Pandu terlonjak kaget kala seoarang gadis dengan rambut berpita menyentuh tangannya dengan tatapan memohon "Dok, tolong. Tolong selamatkan Ayah saya" pintanya dengan mata coklat yang mengeluarkan air.

Ia menepis tangan gadis itu "Saya usahakan", ucapnya tenang lalu beranjak masuk kedalam ruangan.

Gadis tadi menghampiri wanita paruh baya yang diperkirakan itu adalah Ibunya.

"Ibu tenang ya, Zana yakin Ayah akan baik-baik aja" ucapnya tenang meski hatinya sendiri tak bisa tenang.
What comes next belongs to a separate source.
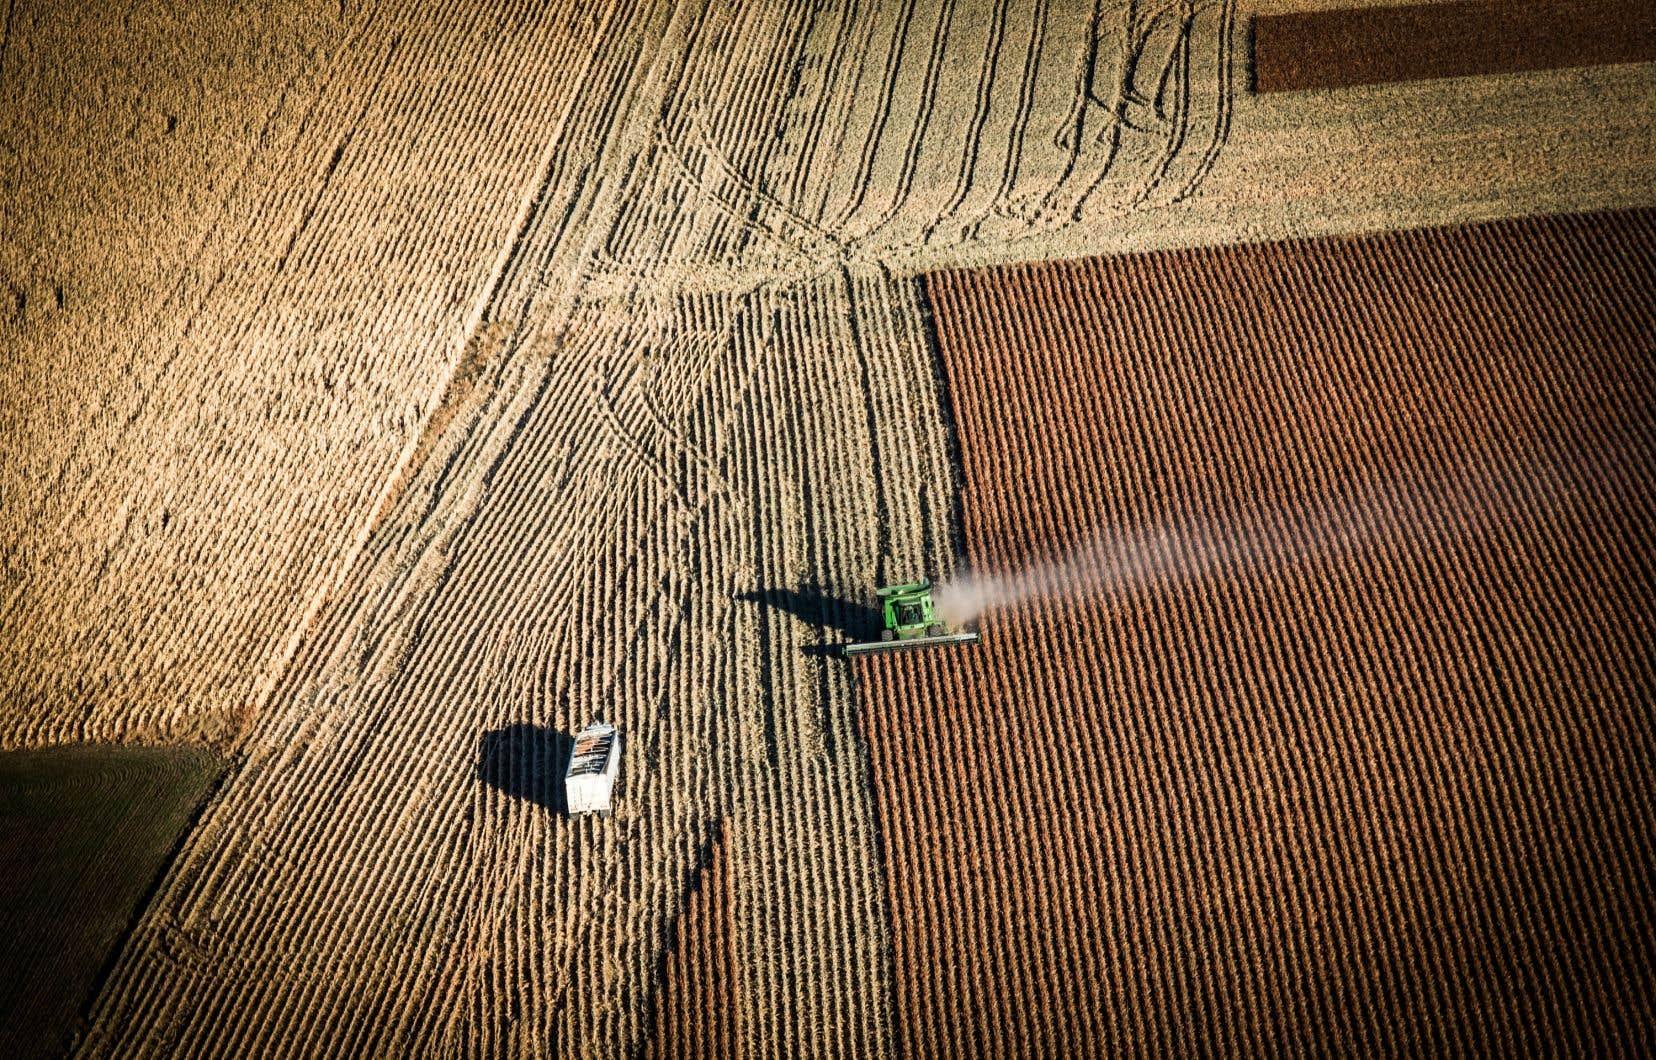 Un champ près de Presho, au Dakota du Sud. Denombreux agriculteurs s'opposent à la construction de l'oléoduc Keystone XL jusqu'au Texas.

Tiga puluh menit sebelum kejadian.

Brak brak brakk

Suara pintu digedor dengan kuat terdengar dari kamar Azana dengan segera ia memasanag pita rambutnya, bergegas keluar dari kamarnya. Dapat ia lihat Ayah dan Ibunya menatap pintu khwatir.

"Siapa itu, Bu? Kok nggak sopan banget ngetoknya"

"Penagih hutang" sahut Beno Ayah Azana susah payah.

Zana mengerutkan keningnya "Ayah ngutang lagi? Bukannya minggu lalu udah Zana lunasin ya?"

Rima menatap Azana merasa bersalah "Maafkan Ibu, Nak. Sebenarnya hutang kita itu dua puluh juta" .

Gadis berusia sembilan belas tahun itu melotot "Ibu kenapa bohong. Kenapa cuman bilang sepuluh juta?" sahut Azana geram sendiri.

"Ibu kasihan sama kamu, Nak. Ibu nggak mau kamu kerja cuman buat bayarin hutang-hutang Ibu sama Ayah".

"Bu, Zana kan udah pernah bilang kalau Zana nggak apa-apa. Zana nggak merasa keberatan, itu udah jadi tanggung jawab Zana" sahut Zana lagi, matanya terasa perih saat ini.

"Ayah minta maaf, Nak" lirih Beno tak jelas. Ia terkena stroke setahun yang lalu tapi hanya separuh badan saja tepatnya di sebelah kanan. Oleh sebab itu ia menjadi pengangguran karena diberhentikan dari pekerjaannya. Untung saja mereka punya bisnis kue, yang bisa membantu kehidupan mereka sehari-hari.

"WOII BUKAIN NGGAK! ATAU GUE DOBRAK" teriak seseorang dari luar, membuat kekhawatrian semakin terpancar di wajah Beno, Rima dan Zana.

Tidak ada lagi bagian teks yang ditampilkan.